И.А. Шестаков, Управляющий Морским министерством (1886)


Боже мой, как богата Россия хорошими людьми! Если бы не холод, отнимающий у Сибири лето, и если бы не чиновники, развращающие крестьян и ссыльных, то Сибирь была бы и счастливейшей землей.

А.П. Чехов (1890)


…У них [у сибиряков] чрезвычайно, до болезненности, развито тщеславие и какая-то своеобразно-буржуазная и притом дурного тона практичность.

Т.И. Тихонов, корреспондент «Русского вестника» (1897)


Назови мне такое место в мире, где в 25 раз больше людей, исполненных подлинного героизма, любви к свободе, образованных и умных! Такое место в мире – Сибирь!

Марк Твен. «Том Сойер за границей»


Сибиряки – особый тип людей (преимущественно русских), обладающих сибирским характером: сильные, выносливые, трудолюбивые, гостеприимные, демократичные, добрые, щедрые, толерантные, с хорошими адаптационными способностями, любящие мороз и зиму. <…> Все русские сибиряки имеют более крупные размеры по сравнению с русскими европейской части страны.

Энциклопедия Сибири

Часть первая
Омская область, 1923 год
Анфиса

Степан ужинал затемно. Домашние три часа назад встали из-за стола. Работники ушли отдыхать в свою каморку. В горенке находились мать с отцом, брат с женой да младшая сестренка. Степану прощались и опоздания, и неучастие в хозяйственных работах. Степан – власть, председатель сельсовета.

Хлебной корочкой Степан подобрал остатки еды в тарелке. Мать терпеть не могла эту его привычку босяцкую, приобретенную то ли когда со старателями в тайге промышлял, то ли когда служил в Красной армии. Степан поднял голову и застыл на секунду – будет мать его отчитывать или стерпит? Промолчала.

Прежде чем отправить хлеб в рот, Степан сказал:

– Сватов засылайте. Жениться буду.

Руки матери, Анфисы Ивановны, непроизвольно дернулись, но она не всплеснула ими, сложила на груди. Марфа, жена младшего брата Петра, уронила оловянную чашку, и та гулко покатилась в угол. Марфа давно, тихо, безответно любила Степана. Отец, Еремей Николаевич, отложил в сторону доску, на которую переводил рисунок оконного наличника. Петр дурашливо загоготал. Младшая сестренка, тринадцатилетняя Нюраня, подскочила к Степану, радостно смеясь, пристроилась сбоку, обхватила за талию. Нюранин детский смех был чист и уместен, а гогот Петра нелеп и досадлив.

– У, халда! – прикрикнула Анфиса Ивановна на невестку. – Не ты наживала, не тебе колотить!

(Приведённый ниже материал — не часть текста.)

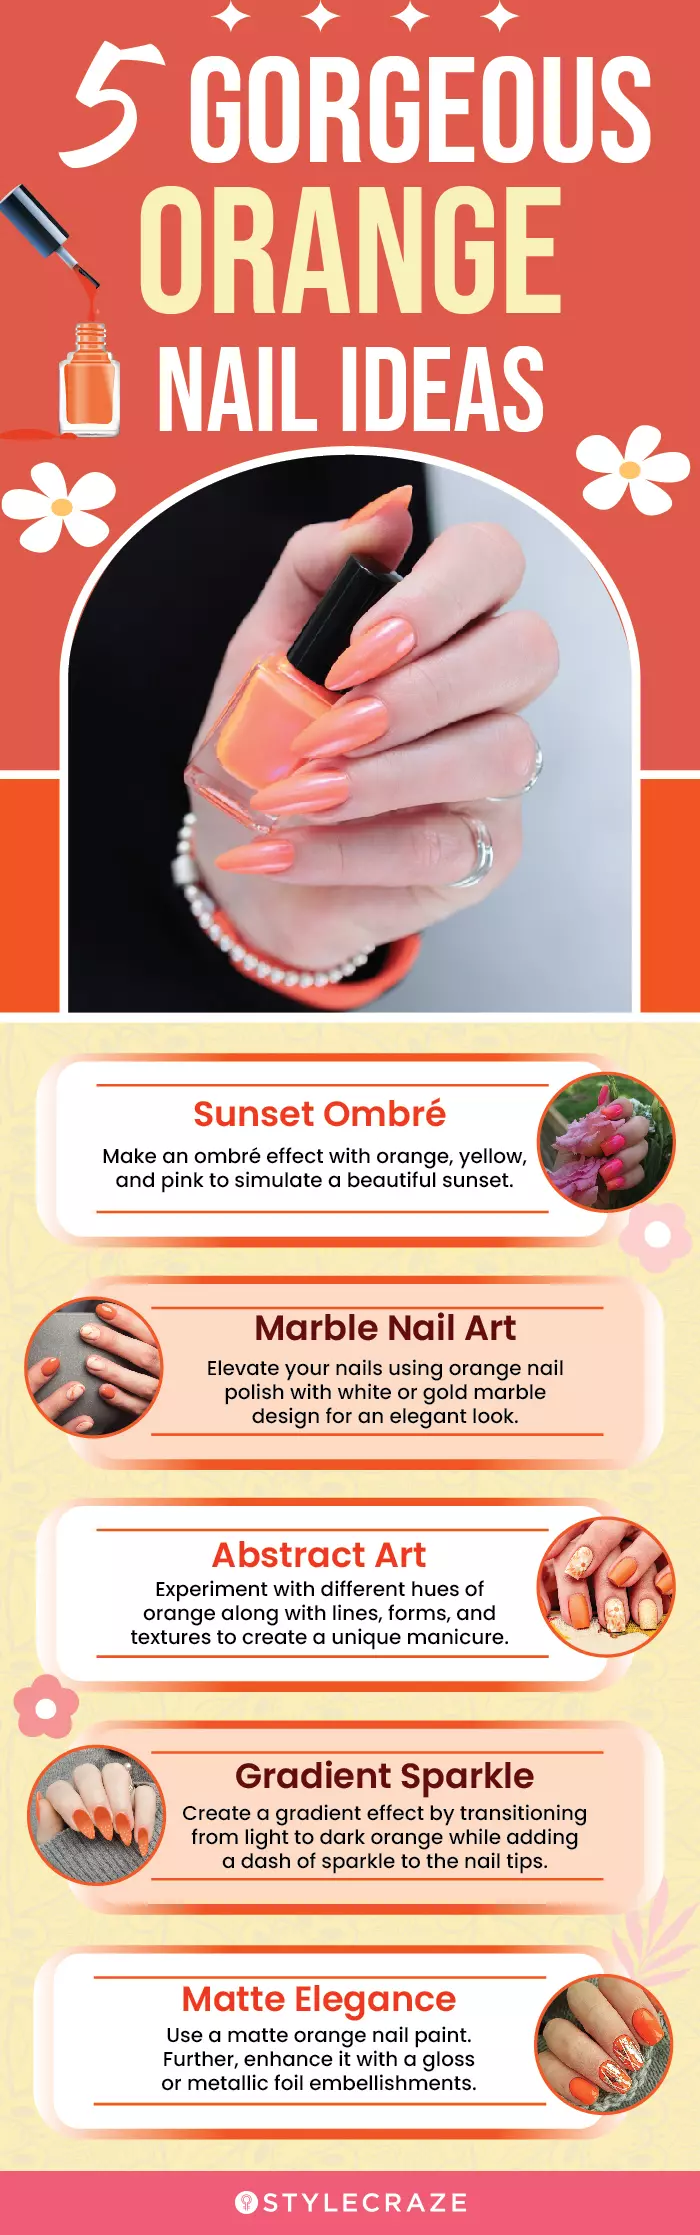 5 Gorgeous Orange Nail Ideas (infographic)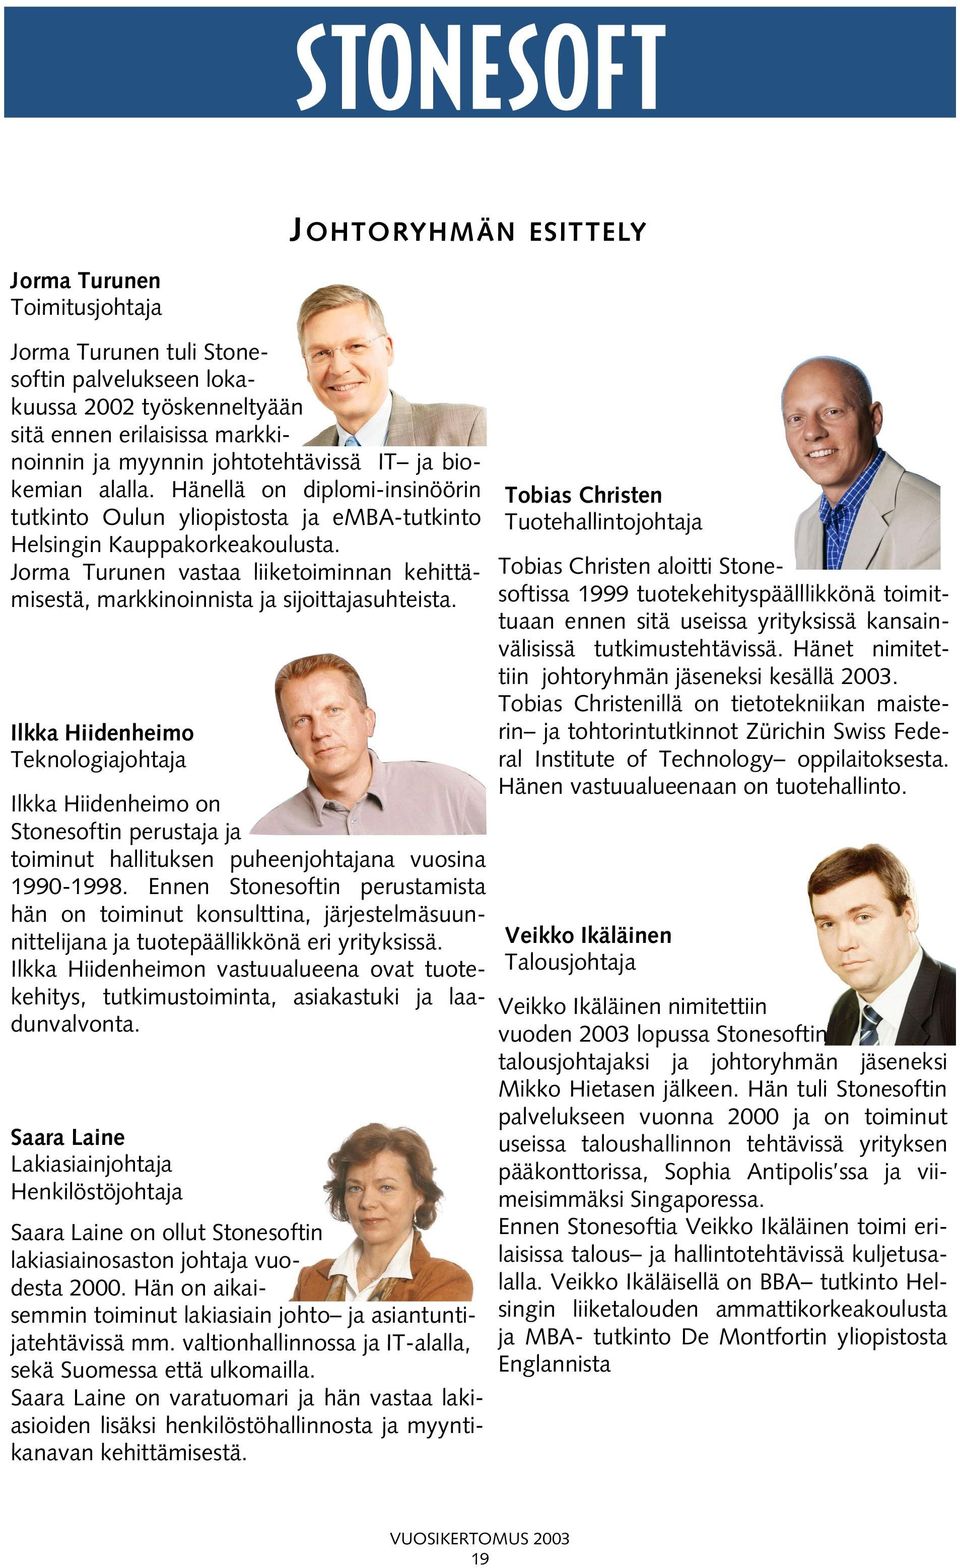 Jorma Turunen vastaa liiketoiminnan kehittämisestä, markkinoinnista ja sijoittajasuhteista.

Оловянная чашка расколоться не могла, и свекровь ругала Марфу для порядку и для того, чтобы получить передышку, осмыслить негаданную радость. Только радость ли? Степану почти тридцать лет, и жениться мать его давно принуждала. Но у сына был один ответ:

– Еще погуляю.

– Погулялка сотрется, – злилась мать.

И подыскивала ему невест, одна другой краше и справней. Ту же Марфу взять – Степану предназначалась, да он наотрез воспротивился. За Петьку сосватали – грех был бы такую работящую девку упускать. Двух батраков уволили, как Марфутка в дом пришла. А Степа, из старательской таежной артели вернувшись, в красноармейцы подался, Колчака бил, потом бунт крестьянский подавлял. Слава Господу, живой вернулся и без ранений. Опять-таки при власти оказался. Хотя пользы для семьи от его власти – как с воробья сала.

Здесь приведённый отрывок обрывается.